На рекламном щите сияют красные туфли в человеческий рост. «Купите со скидкой 50 %! И никто вас не остановит!»

Варшавский поднимает руки.

– Да, я виновен! Виновен, признаю. Наш театр сопротивляется… сопротивлялся до последнего. Я заделывал самые узкие щели, чтобы ничто из Нового мира не проникло в его стены. Я закупорил наш театр, наш храм искусства, как закупоривает бутылку с посланием потерпевший кораблекрушение. – На этом месте Мара все-таки не может сдержаться и закатывает глаза. – Я думал, что сохраняю в бутылке историю, но, как оказалось, там было только одно слово. «Спасите».

Варшавский понижает голос:

– И я был спасен.

Он смотрит на меня.

– Новый мир пришел.

Все смотрят на меня.

– И за Новым миром придут новые зрители.

Когтистые лапки, я слышу, как они скребут по мне, громче и громче, царапают по обнаженной коже. Варшавский приглашающим жестом указывает мне на середину зала.

– «Жизель». Второй акт. Вариация.

Расступаются.

Шаг, второй. Музыка. Еще шаг. Из наклона в арабеску, вращение. Прыжок. Разворот. Застыть. Мимолетная поза, нога прямая. Глиссад, ассамбле в сторону. Слова рассыпаются, бесполезные, бессмысленные. Кости – в прах. Плоть – в прах. Геометрия, голая, бесстыдная, нежная. Ноги чертят в воздухе линии, параллели, перпендикуляры. Острые углы, прямые углы. Спираль, смена плоскости. Прыжок, еще прыжок. Невесомый, бесплотный, бескостный. Как бы не удариться головой о потолок. Какого черта они такие низкие. Прыжок, еще прыжок. Кости – в прах. Плоть – в прах. Прыжок, прыжок. Точно в такт, не сбиваясь, не опаздывая. Кручу, кручу…

Останавливаюсь.

Дышу.

Никто не шевелится, и на мгновение кажется, будто фигуры, неживые, нездешние, мастерски выписаны маслом на заднике к чужому спектаклю. Первой оживает Мара, и ее прокуренный голос звучит в тишине неожиданно громко:

– Черт возьми, Лия! Да ты крутишься, как… как миксер!

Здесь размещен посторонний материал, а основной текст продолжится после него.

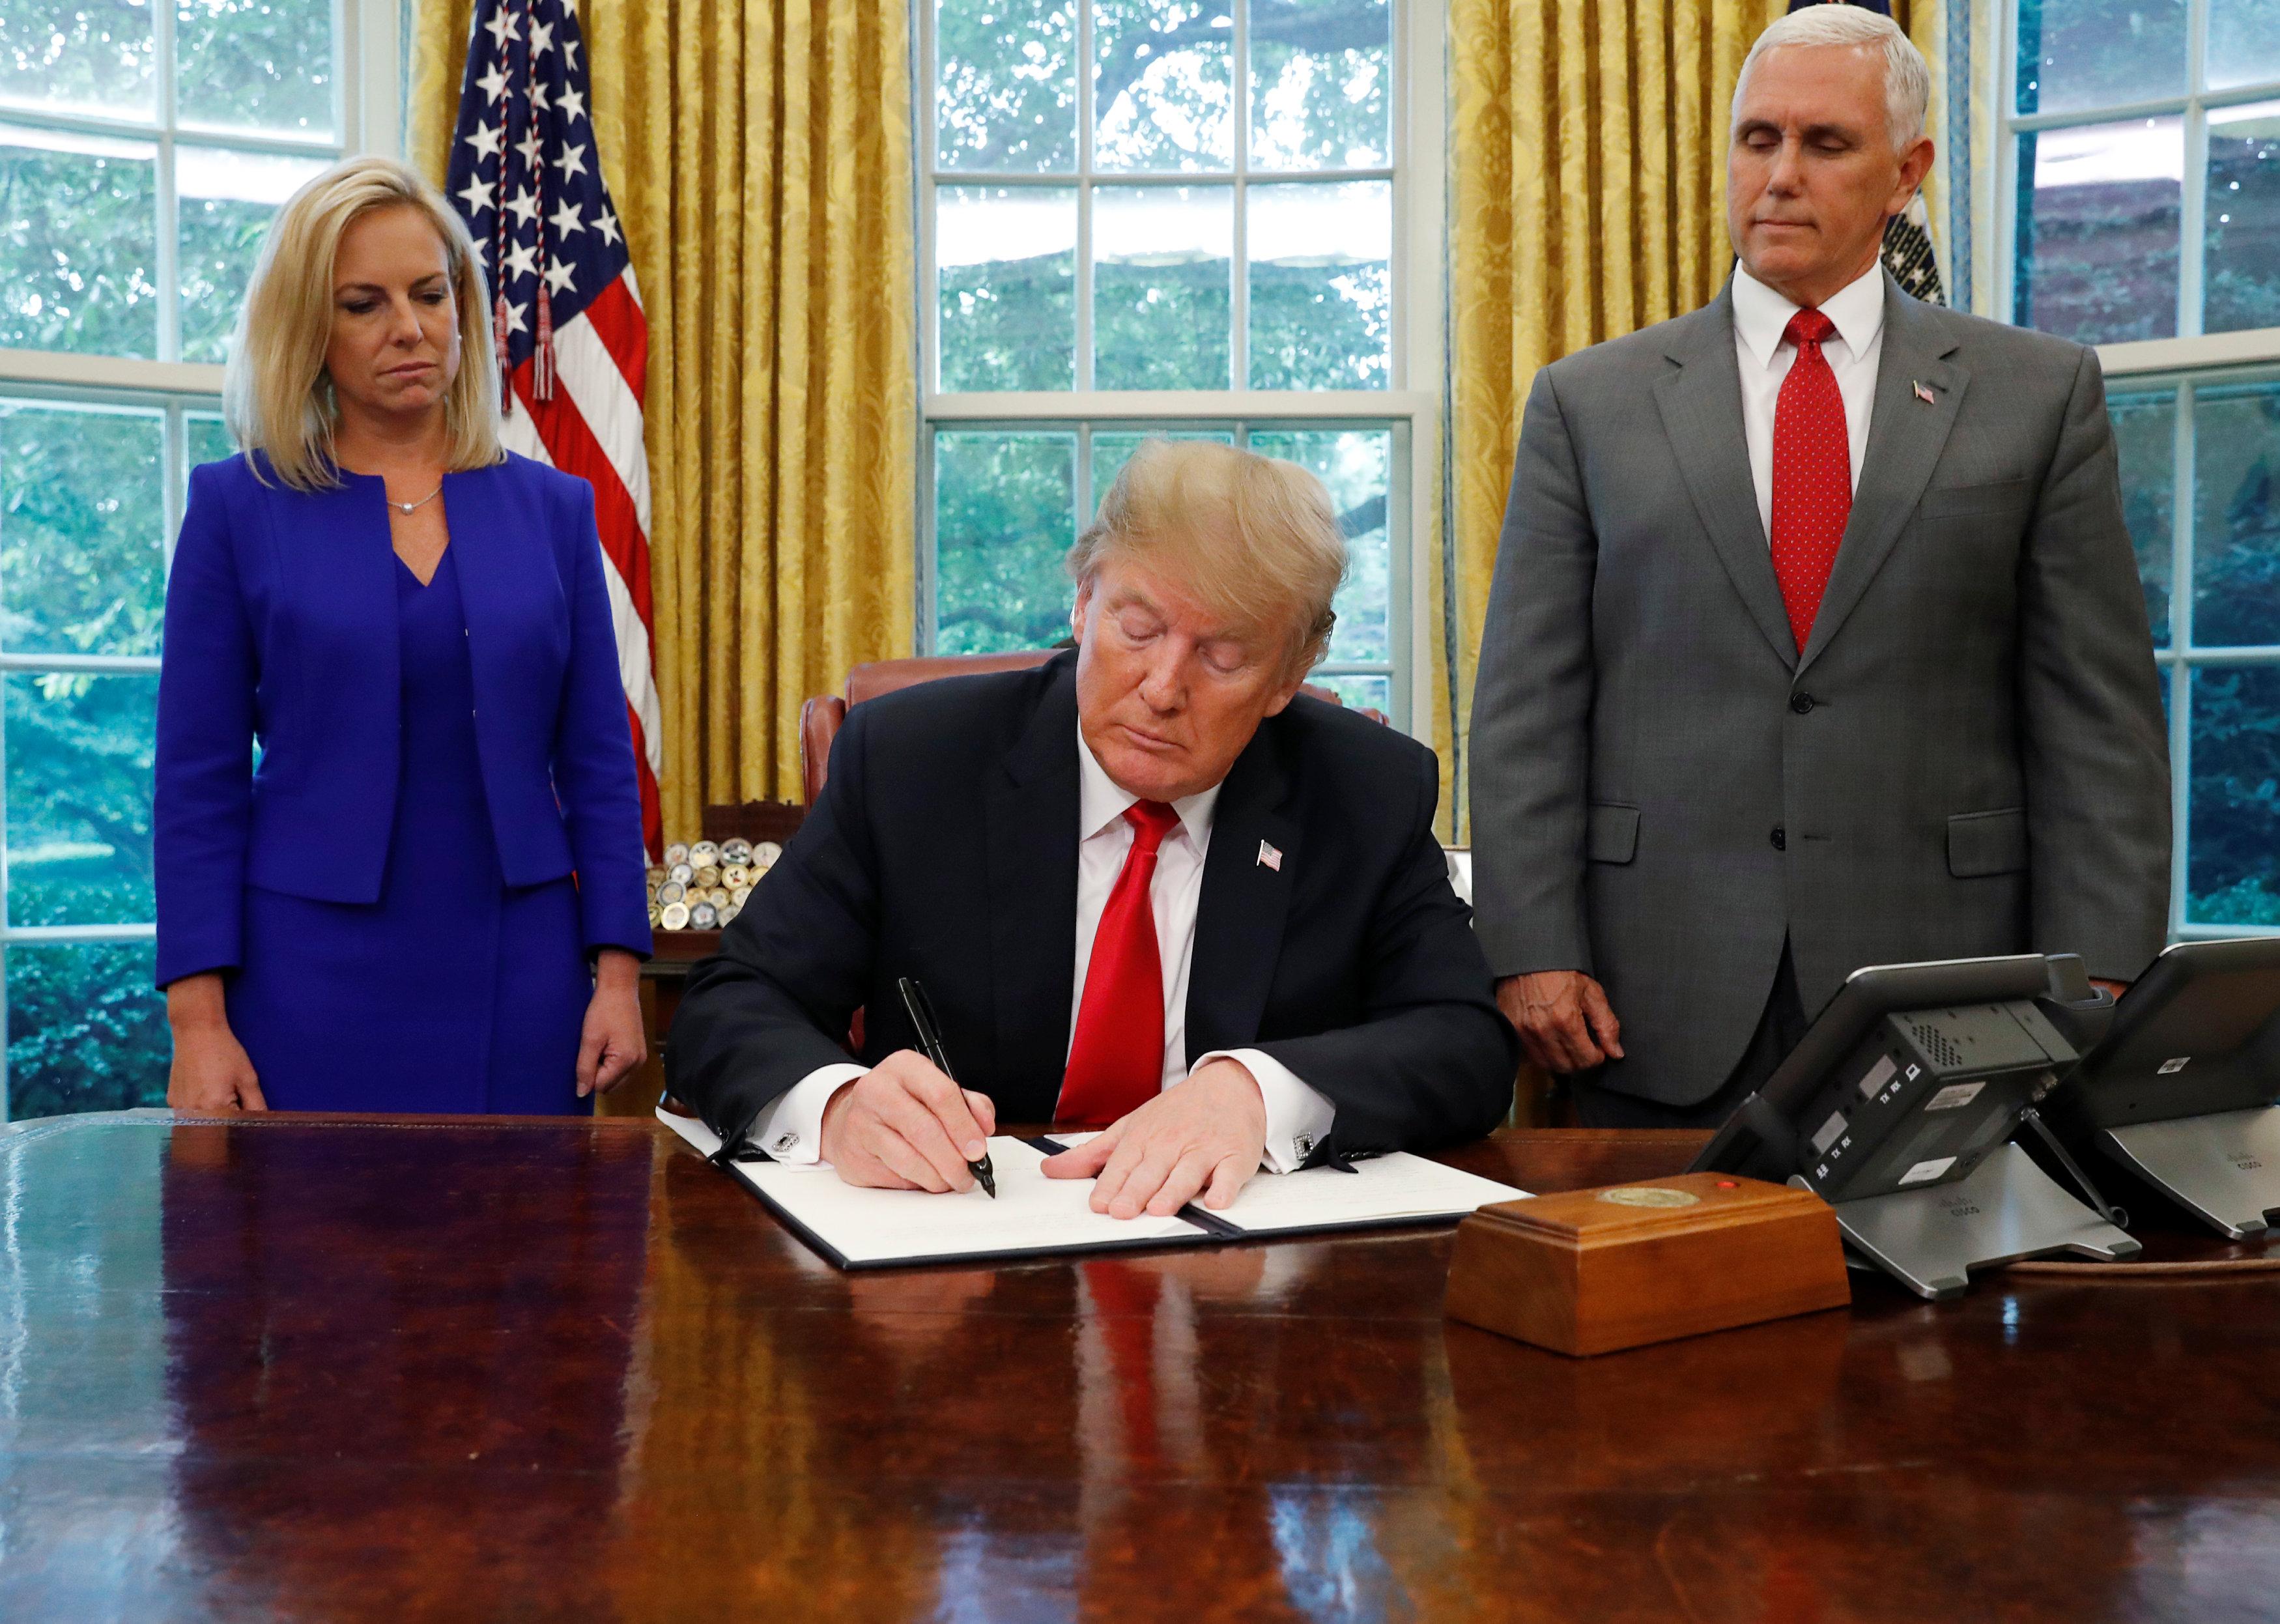 川普總統政策轉彎,在白宮簽署行政令,改變移民家庭處理原則。右立者為副總統潘斯,左立者為國土安全部長尼爾森。(路透)

Другие голоса оживают следом, подхватывают слова, обступают меня со всех сторон, и я чувствую жар от невидимых факелов в их руках, невидимых, но пылающих так ярко, что больно глазам.

Перед тем как шагнуть за дверь зала для репетиций номер шесть, Варшавский оборачивается и кидает, как кость своре голодных псов, последнюю фразу:

– Ах да, чуть не забыл! Закажи в костюмерной юбку покороче.

6

Улыбка была неожиданной, неуместной. Лия подумала, что ослышалась. Жестокая шутка. Если продолжать тихонечко лежать на больничной койке, закрыв глаза, то они отстанут, уйдут.